What is being asked:
Under this line are the records; repeat exactly the lines starting at the one containing "Springtime Wedding Themes" and ending at the one containing "2019 Spring Wedding Color and Ideas", omitting pictures.

Extracted records:
= = = = = = =

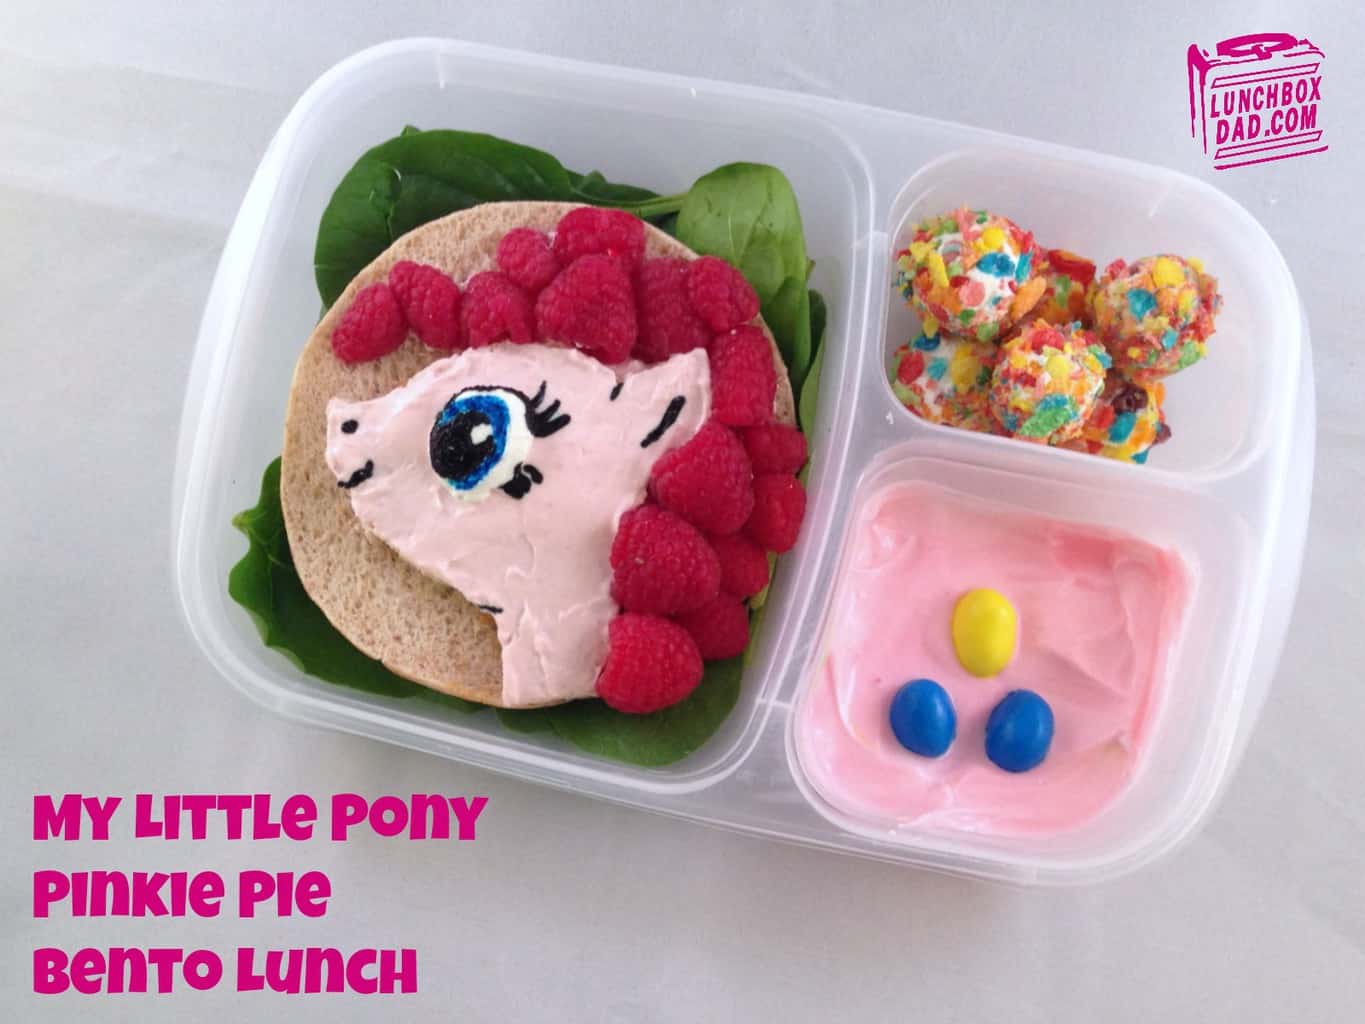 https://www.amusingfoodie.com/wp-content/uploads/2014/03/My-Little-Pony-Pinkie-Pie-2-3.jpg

= = = = = = =

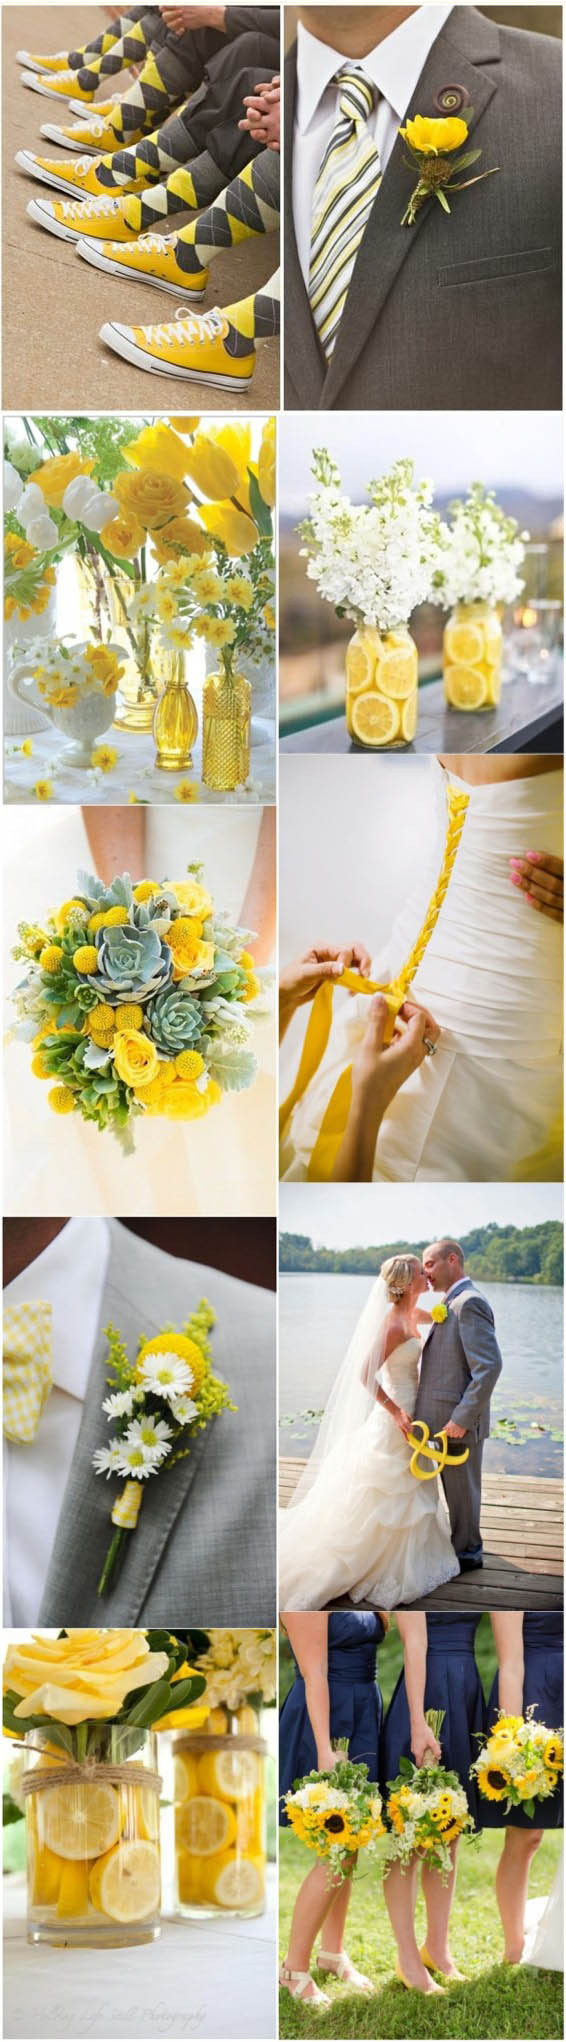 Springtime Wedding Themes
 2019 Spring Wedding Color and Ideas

= = = = = = =

Response box:
 Springtime Wedding Themes
 2019 Spring Wedding Color and Ideas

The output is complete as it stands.